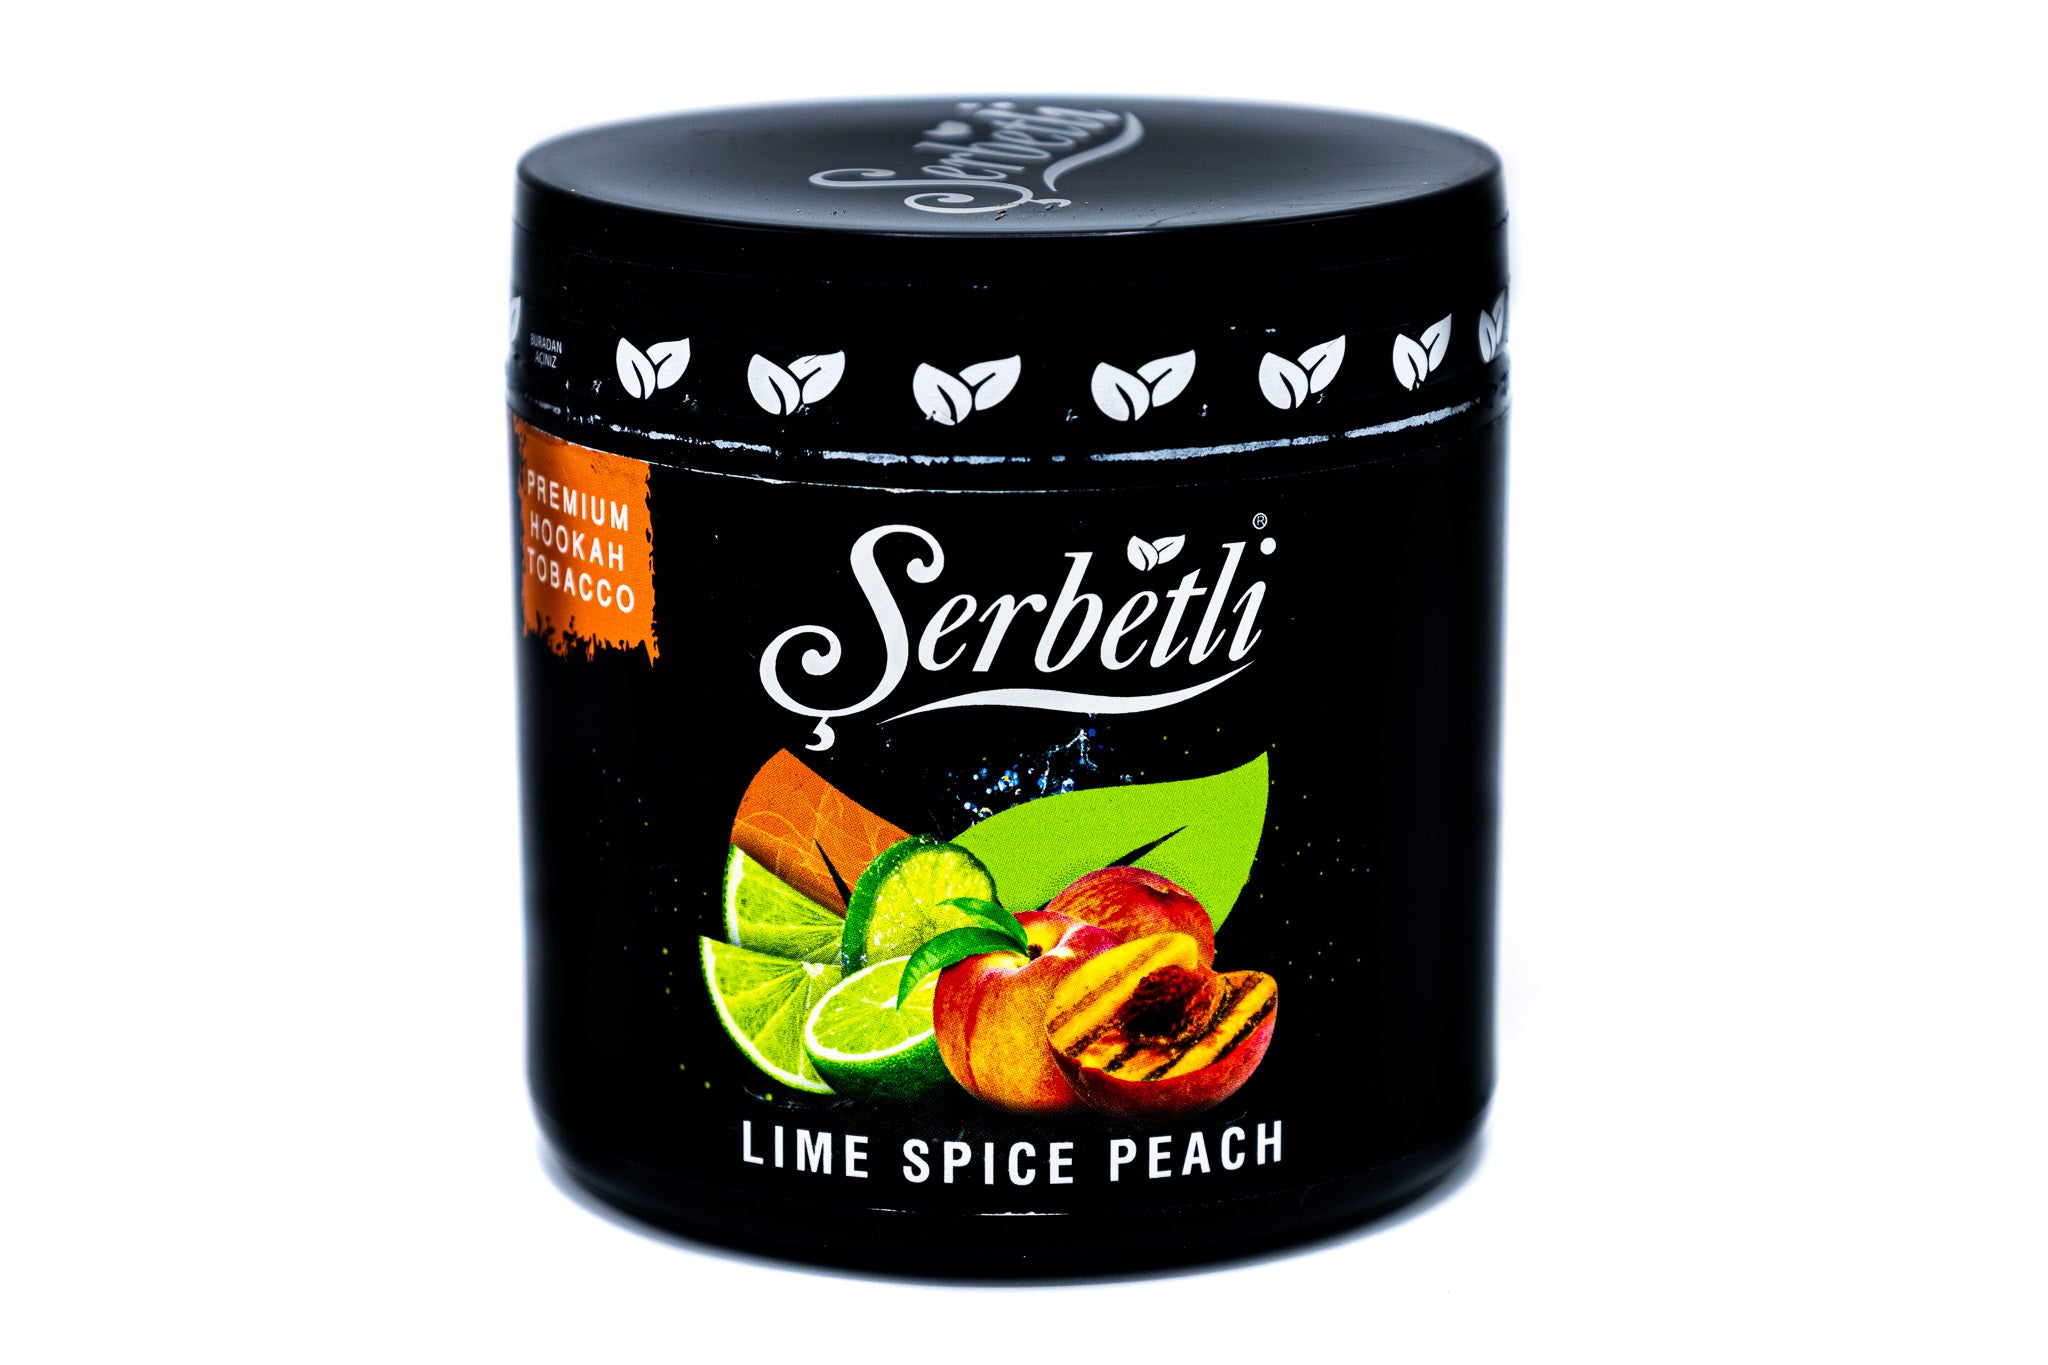 Serbetli Lime Spice Peach 250G - Smoxygen
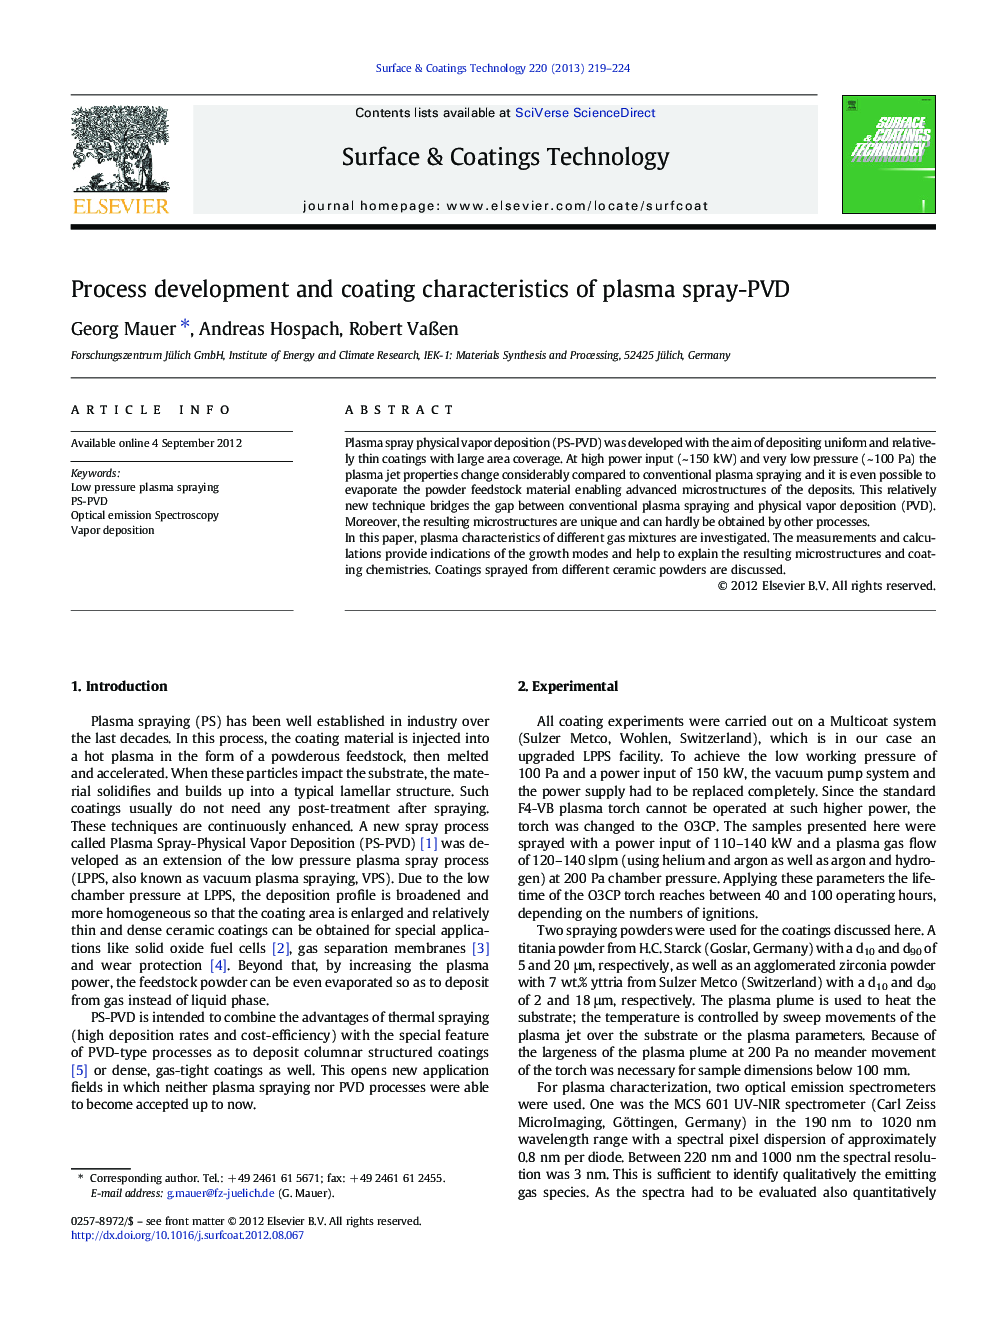 Process development and coating characteristics of plasma spray-PVD
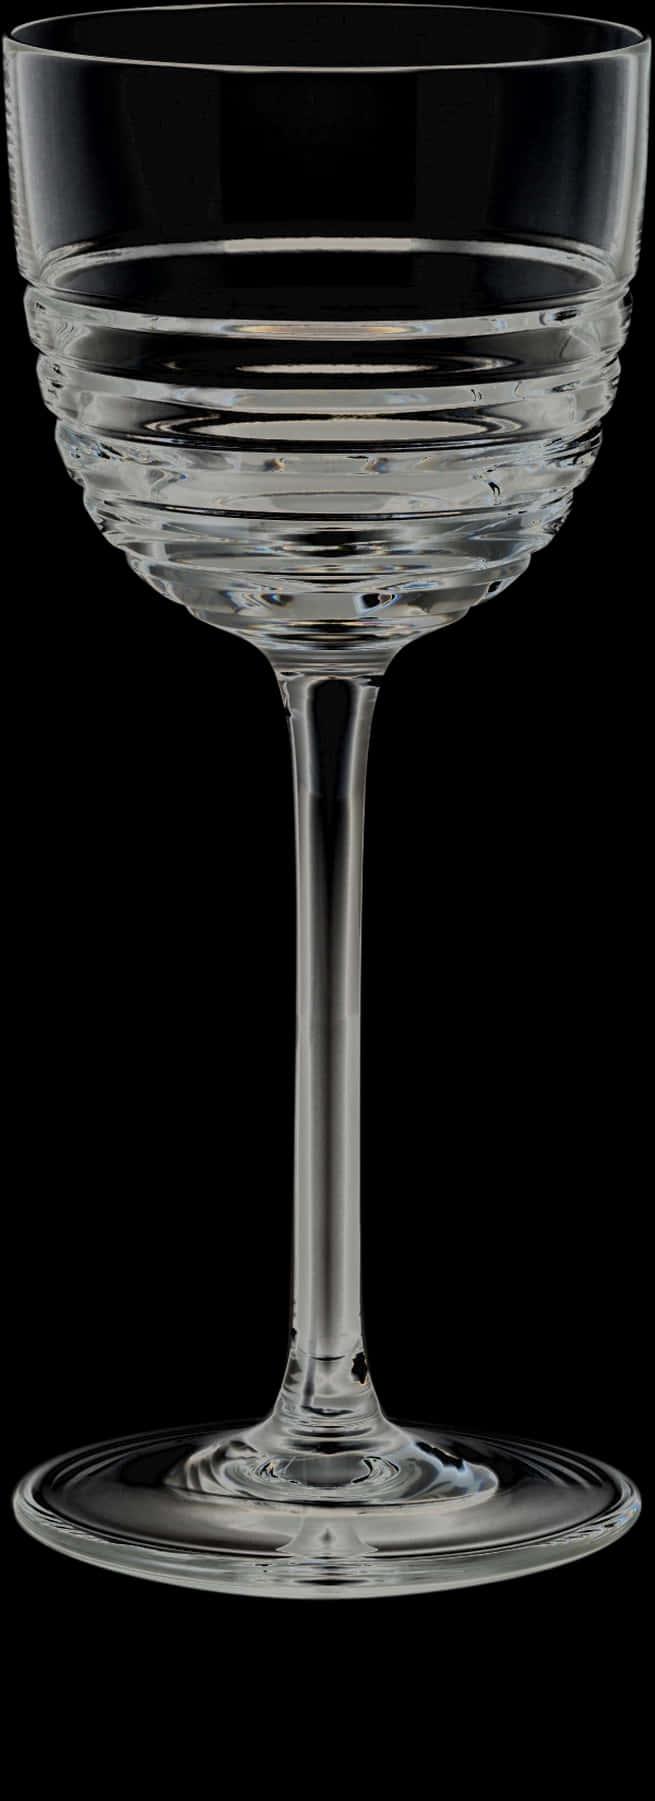 Elegant Stemmed Glassware.jpg PNG
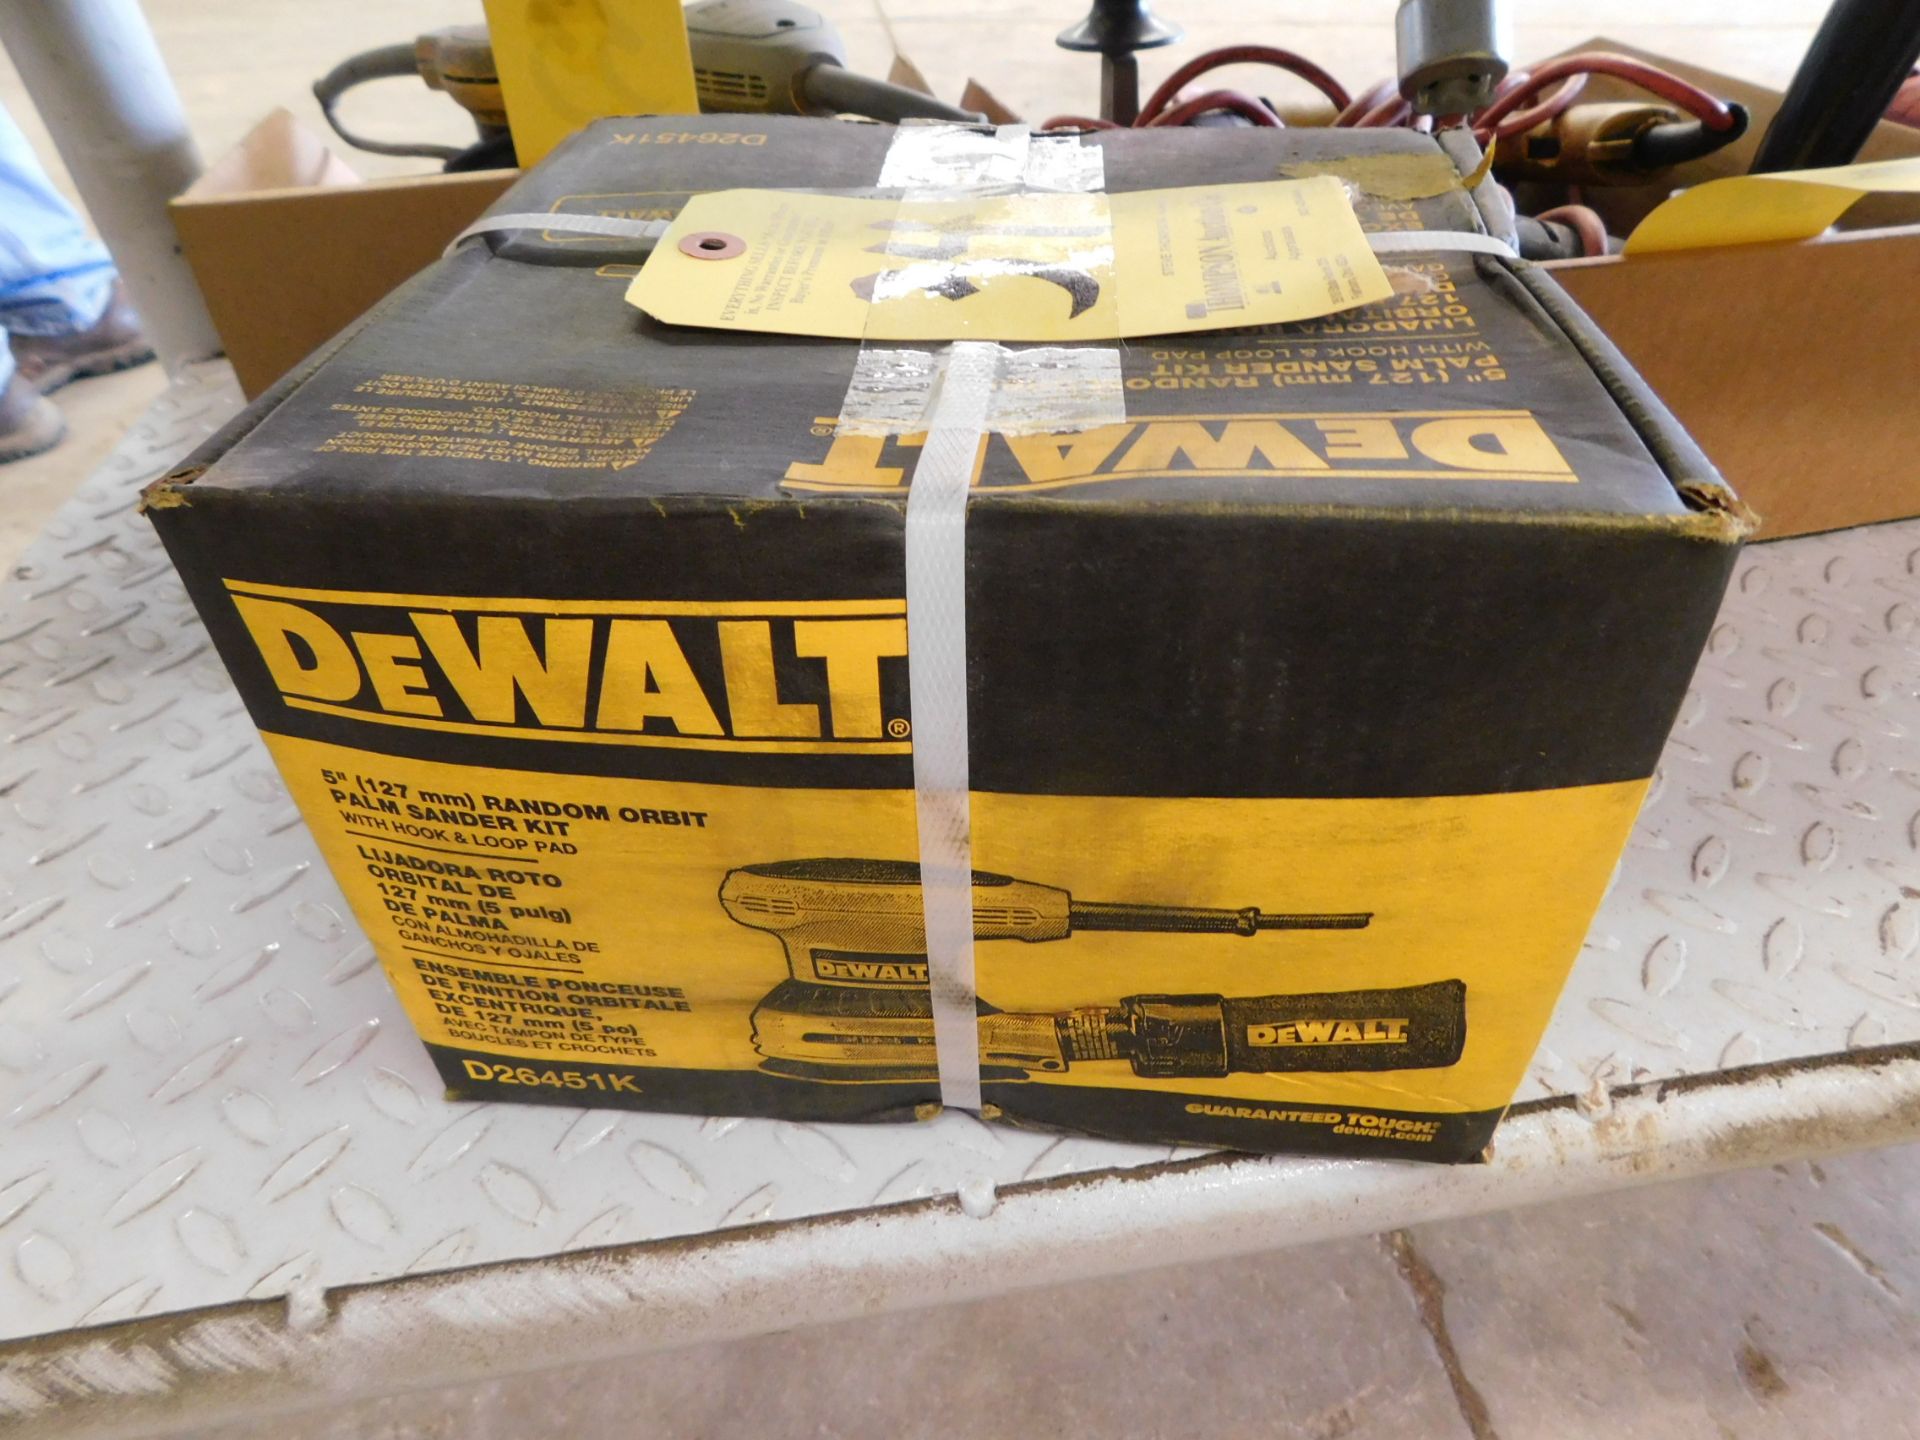 DeWalt D26451k Palm Sander (NEW in Box)

What the task asks: Your task is to repeat the listing exactly while omitting its pictures.

Result of this task:
 Serbetli Lime Spice Peach 250G - Smoxygen
 Process development and coating characteristics of plasma spray-PVD
 Elegant Stemmed Glassware.jpg PNG
 DeWalt D26451k Palm Sander (NEW in Box)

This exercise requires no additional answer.